* _Dataset section_:
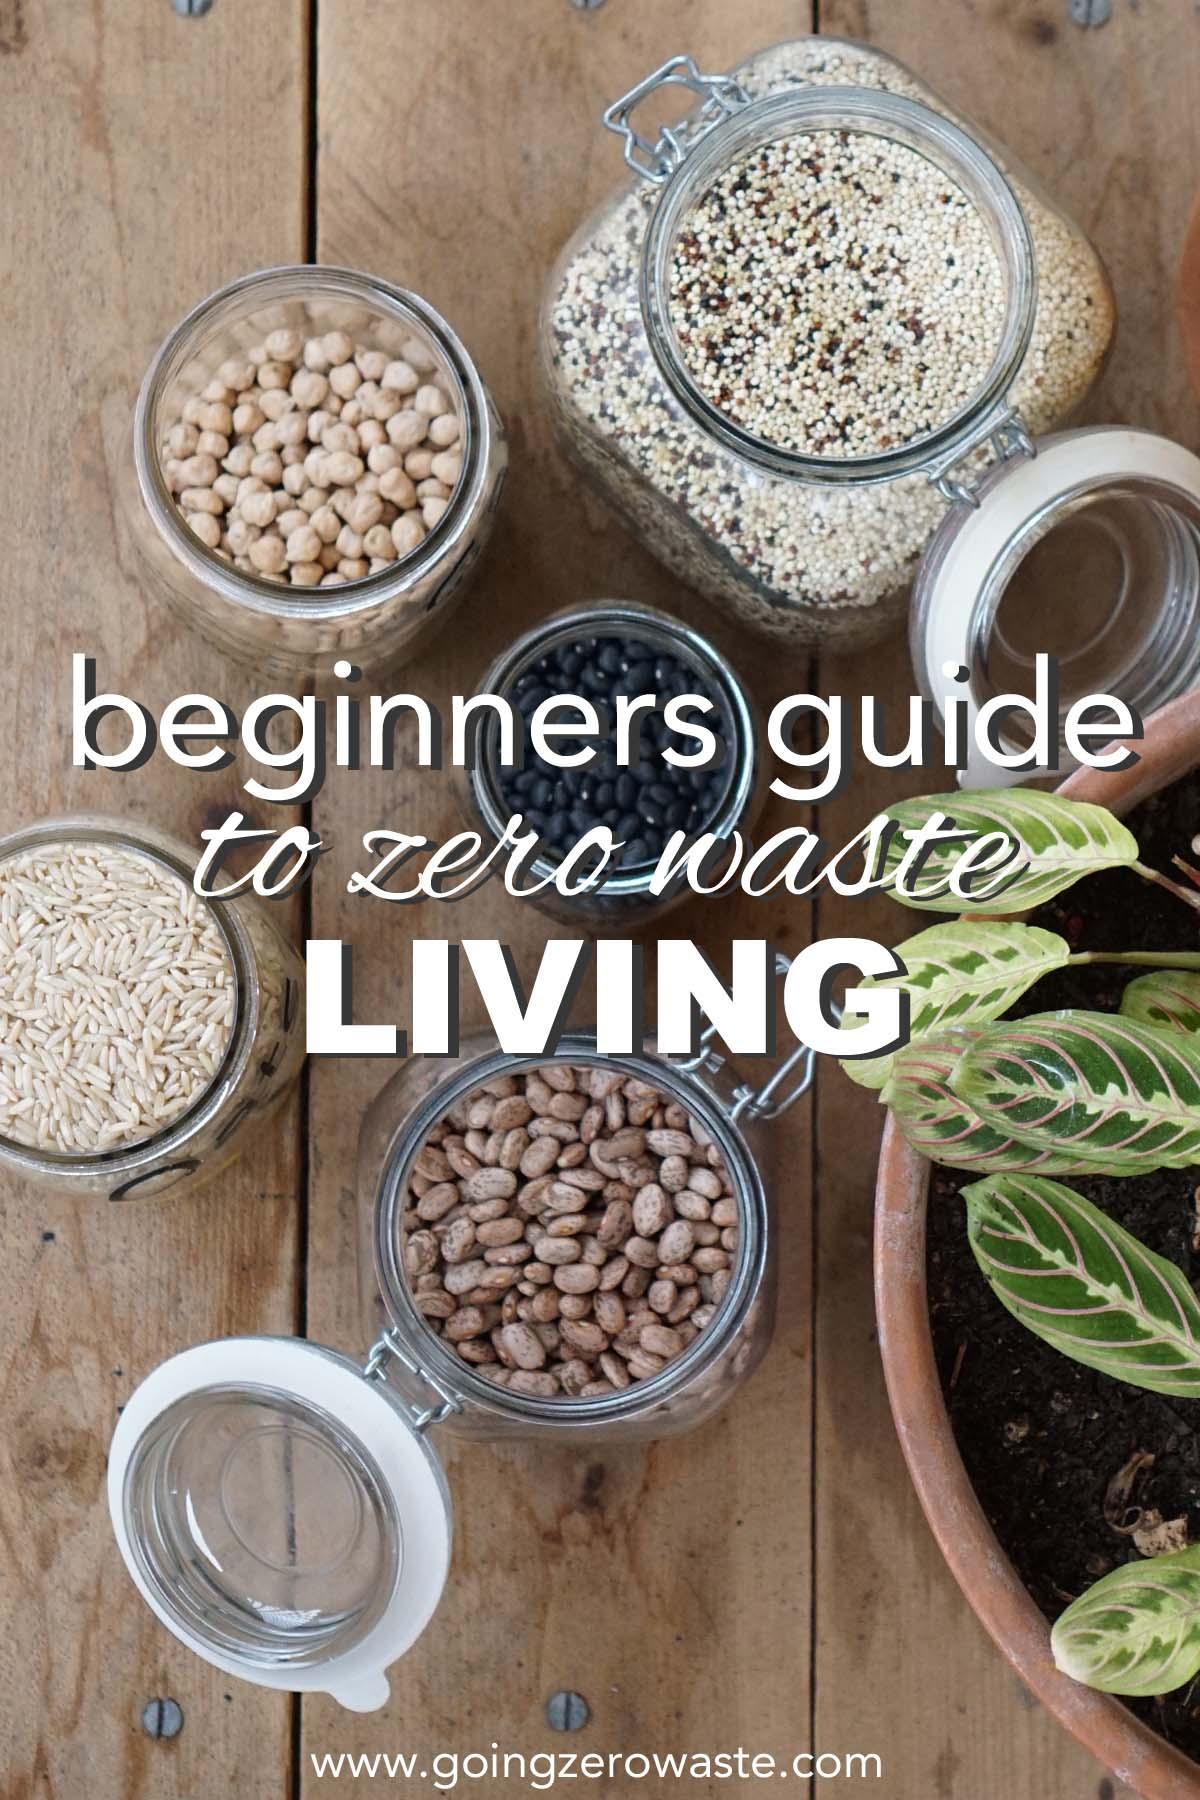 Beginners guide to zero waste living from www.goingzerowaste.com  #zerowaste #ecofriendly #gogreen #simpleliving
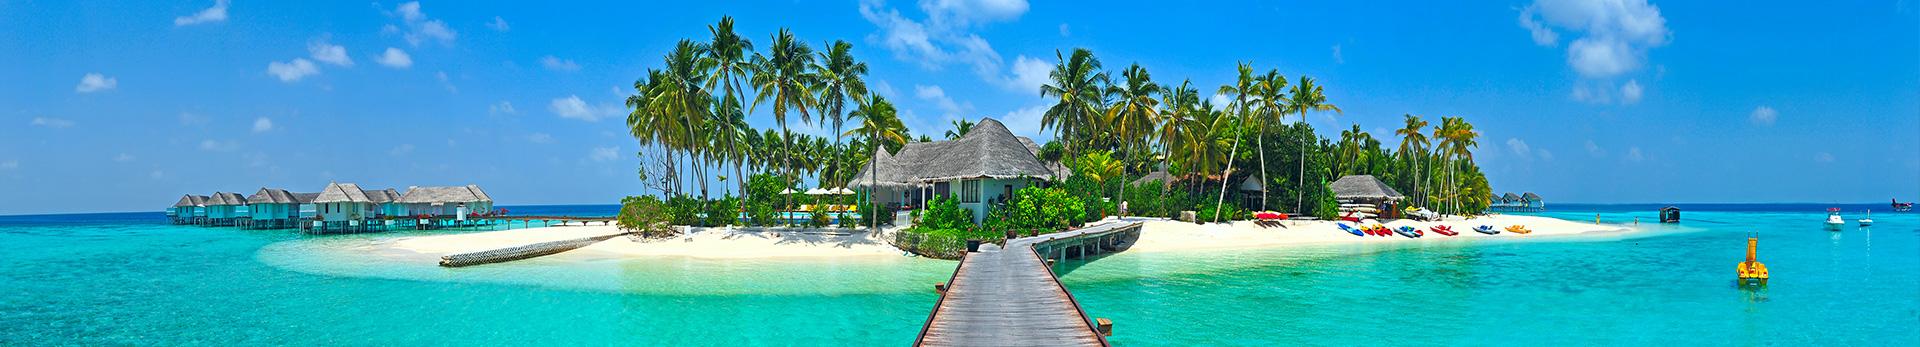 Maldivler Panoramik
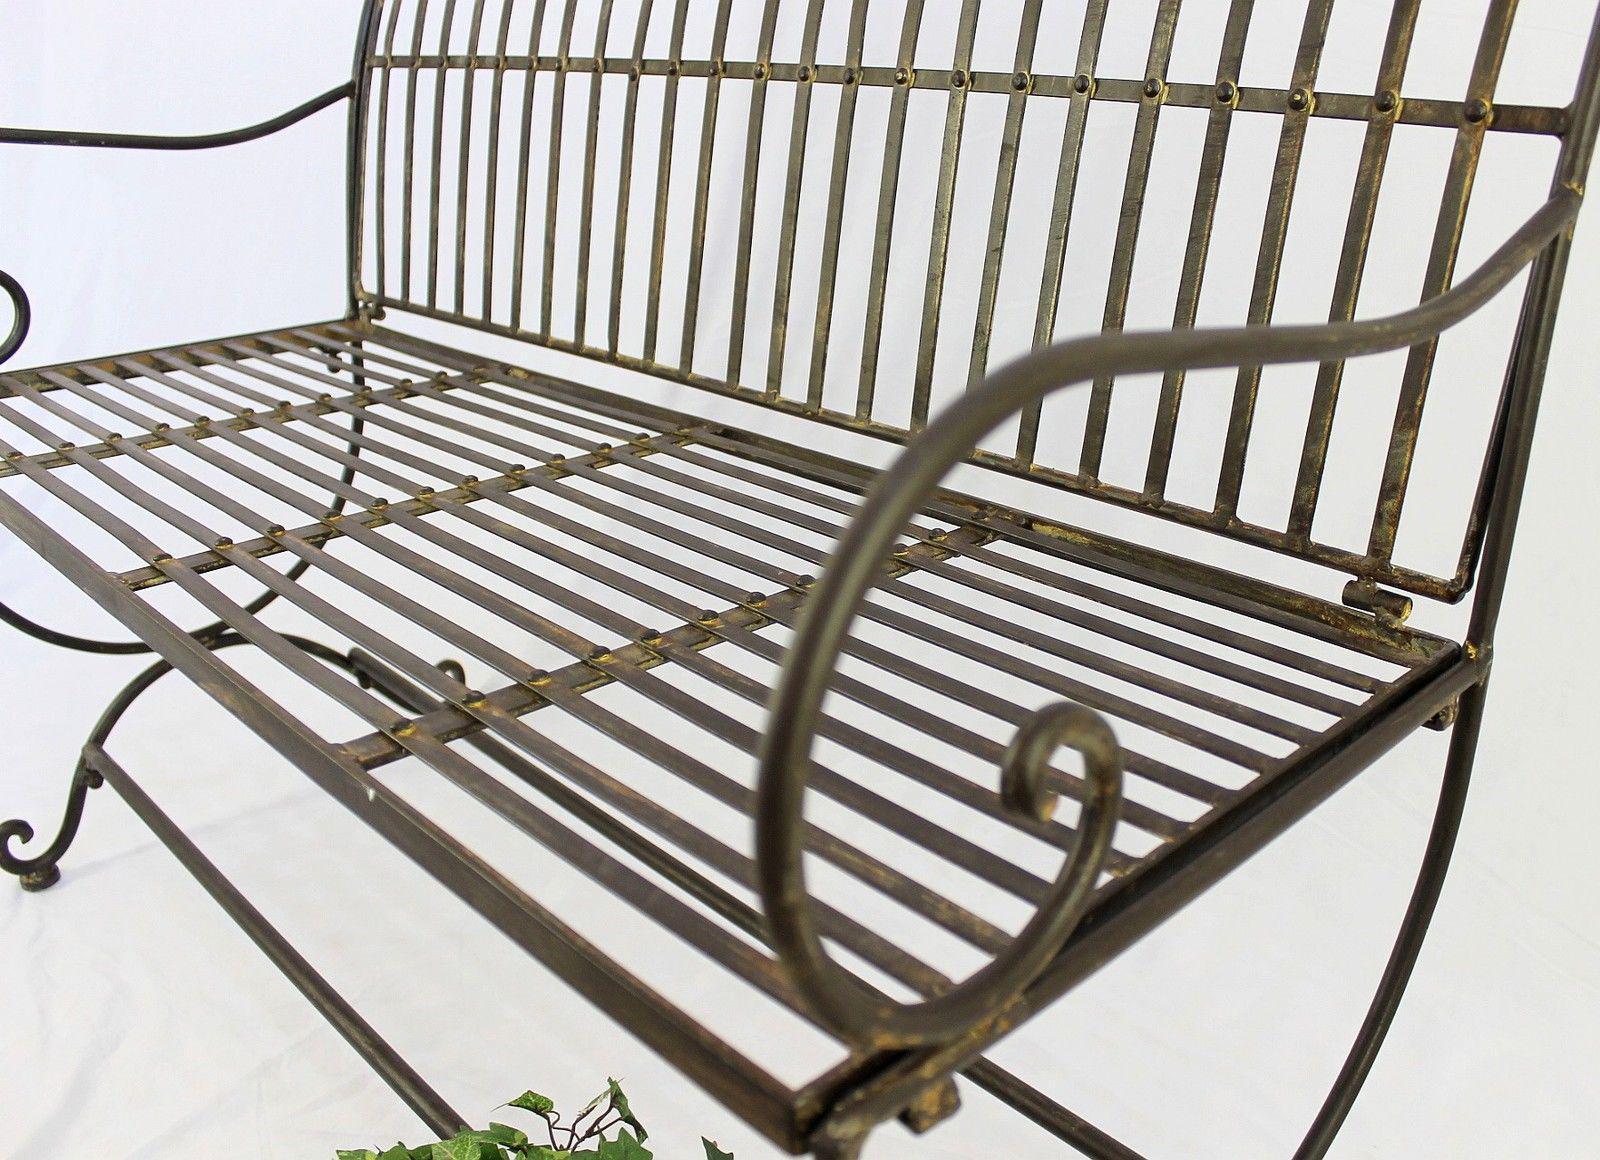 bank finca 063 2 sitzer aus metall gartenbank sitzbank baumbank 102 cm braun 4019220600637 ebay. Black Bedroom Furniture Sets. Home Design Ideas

* _The problem_: Keep the pictures out of your copy. Copy only the lines from the line that holds "Maldivler Panoramik" through the last line of the listing above, both included.

* _Exercise solution_:
 Maldivler Panoramik
 bank finca 063 2 sitzer aus metall gartenbank sitzbank baumbank 102 cm braun 4019220600637 ebay. Black Bedroom Furniture Sets. Home Design Ideas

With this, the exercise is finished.